The room quite very still.
“A third option,” Florence said quietly, lowering her hand, “is to do nothing. And let winter decide.”
No one spoke.
“The Empire calls this punishment. They call it retribution for Adruimor’s refusal to kneel during the conquest.”
Her voice hardened, just enough.
“In truth, these villages are people farms. Supply lines for bodies. Children harvested under the guise of mercy.”
Symond’s hands curled into fists. The pressure of fingernails against his palm was sharp and grounding, a necessary counterpoint to the dizzying sense of unreality at play.
People farms.
The words, spoken so easily, weighed so much. They dug into memory and imagination with equal force. He could picture the neat rows of children, tended to and pruned and culled, the harvesters indifferent to the shape or height or color of the produce.
Florence looked at the crowd, and for a moment the polish and poise dropped away.

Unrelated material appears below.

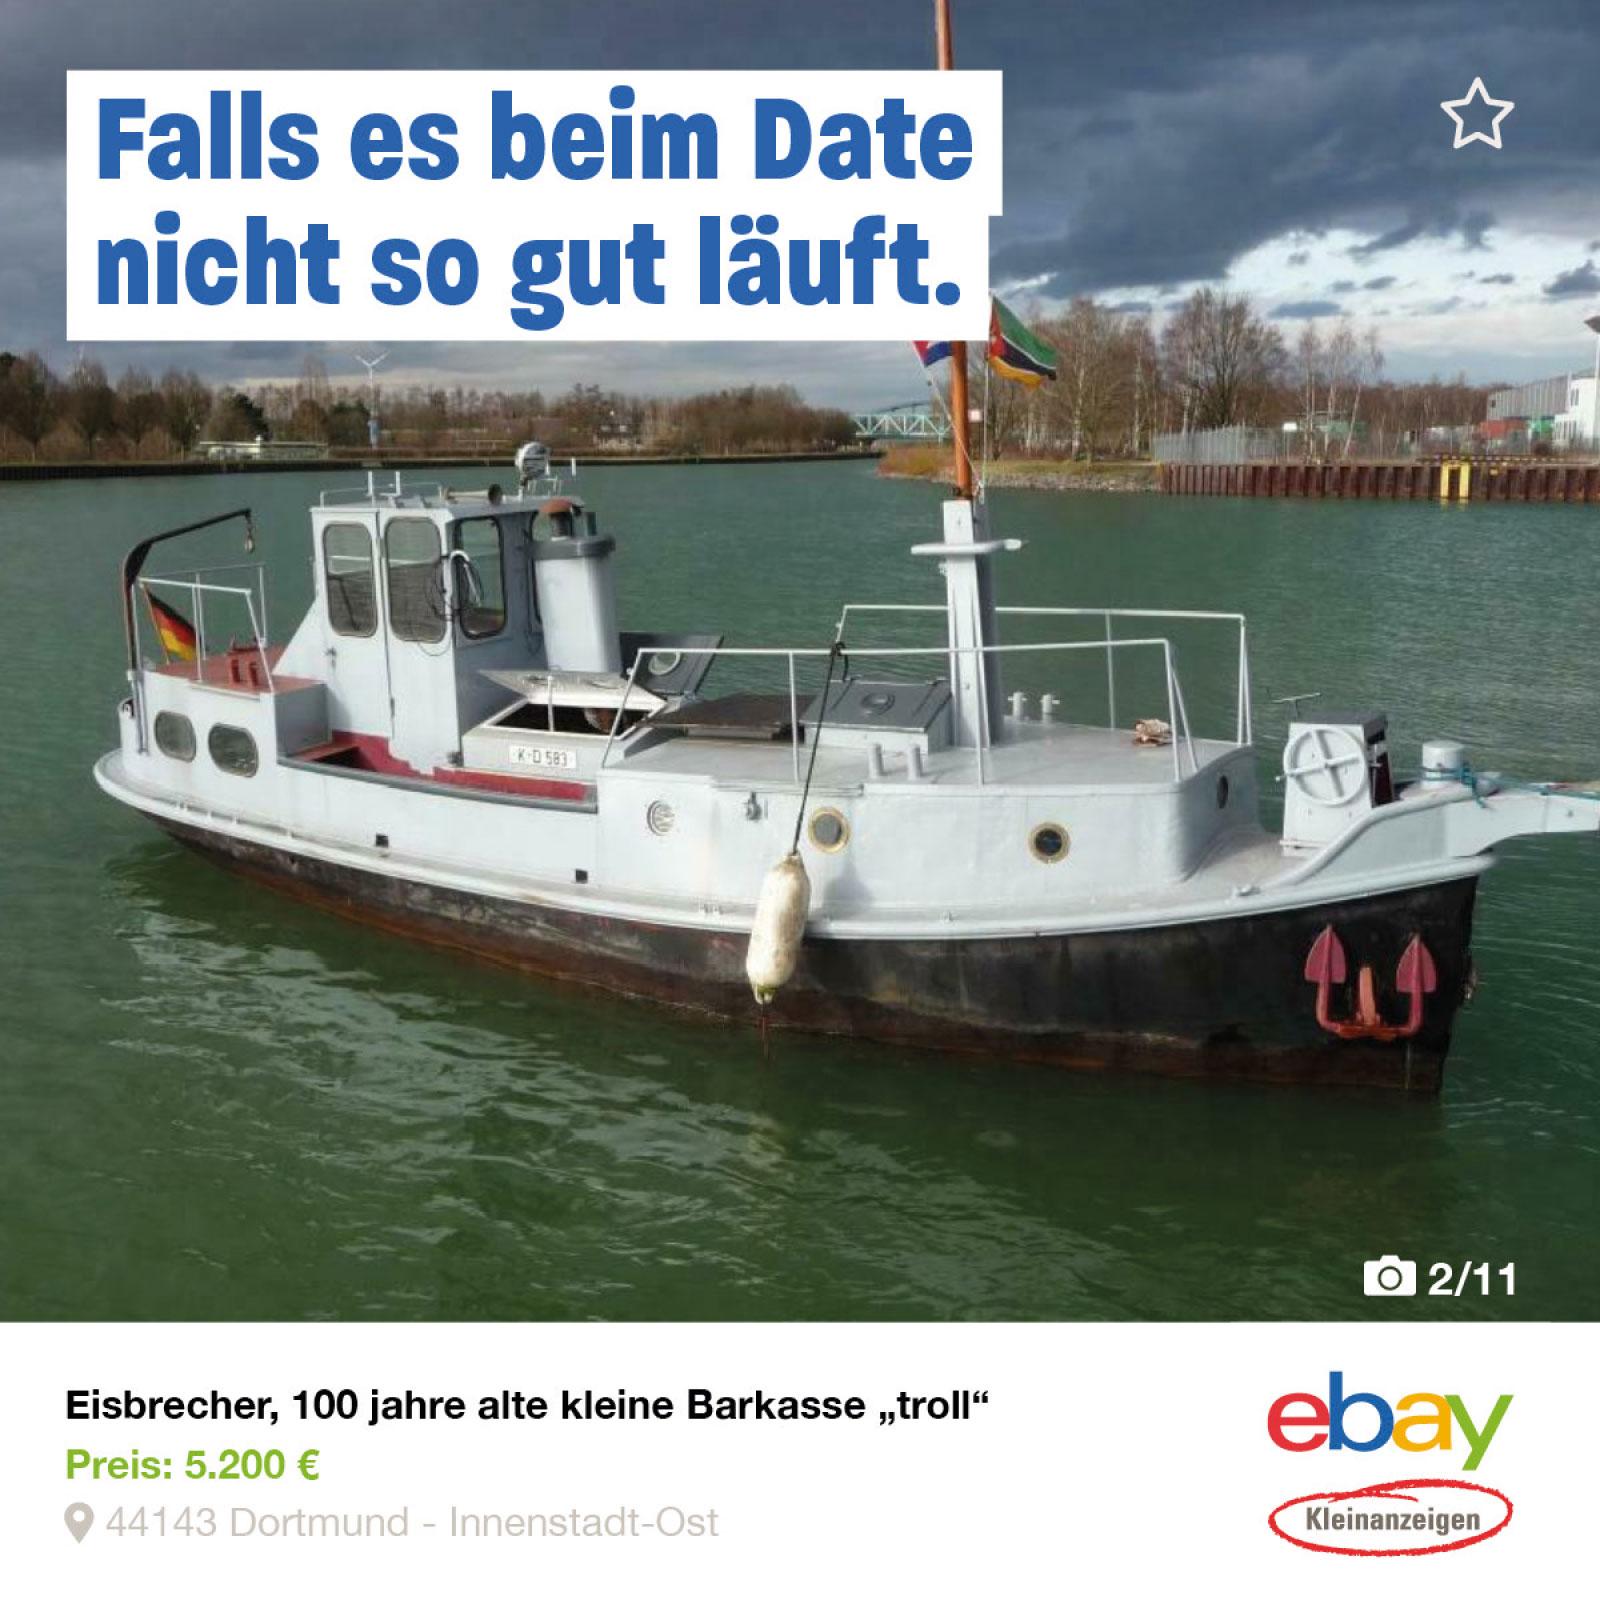 ebay_postings_14x14_rz_12
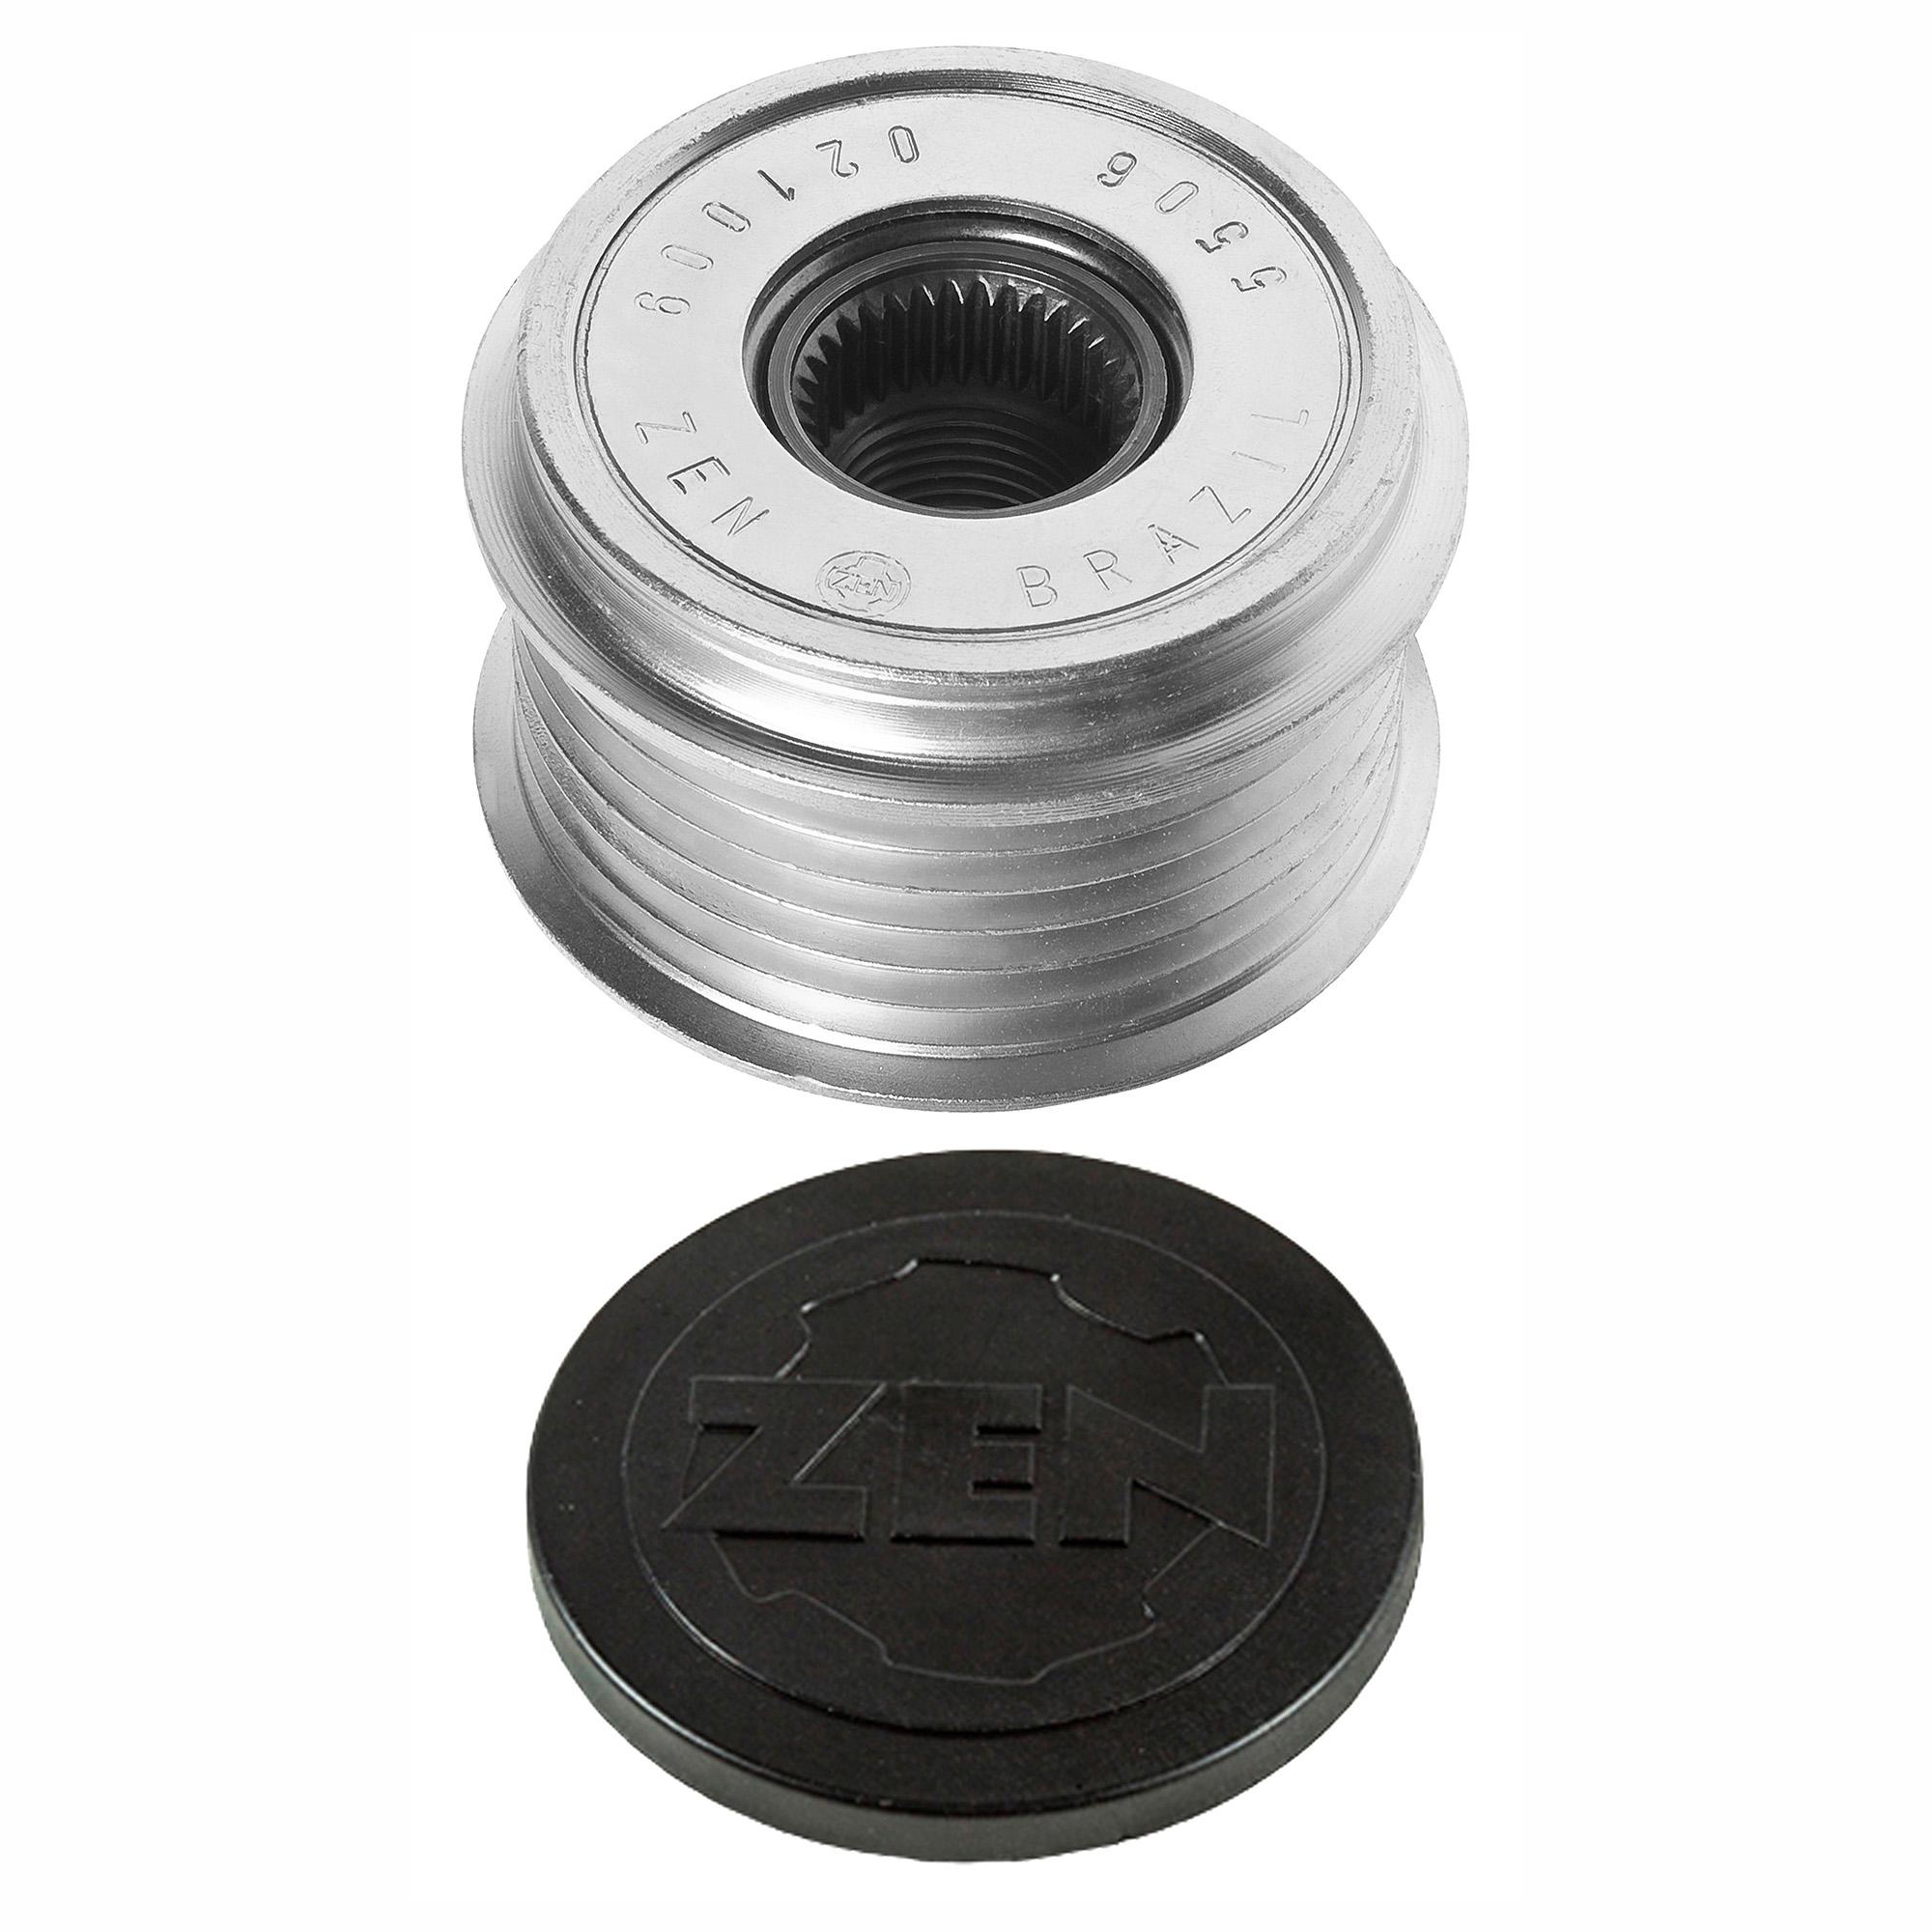 Polia Alternador Roda Livre TRANSIT 2.3 - 16V (ZEN5506)

What replaced it was something harsher, almost feral in its honesty.
“The Empire taught you that obedience was the only path to survival.”
Florence gestured once, sharply, to the apprentices lined against the wall.
“They were taught the same lesson.”
Symond felt the weight of it settle into his bones.
“There is a fourth option,” she said at last. “But it isn’t safe. It isn’t easy. And the Empire would very much like you to believe it doesn’t exist.”
Heads lifted around the room, chins rising from collarbones, gazes shifting from worn boot-tips and callused palms.
Symond’s pulse hammered against his throat, his mouth going dry. What is she—
“The Hive can’t promise comfort,” she said. “We can’t promise power. But we can promise this: your children will not be forged into tools. They will not be punished for existing. And they will not be owned.”
Her gaze swept the room, searching every face.
“To survive,” Florence said, “should not mean surrendering everything that makes you human.”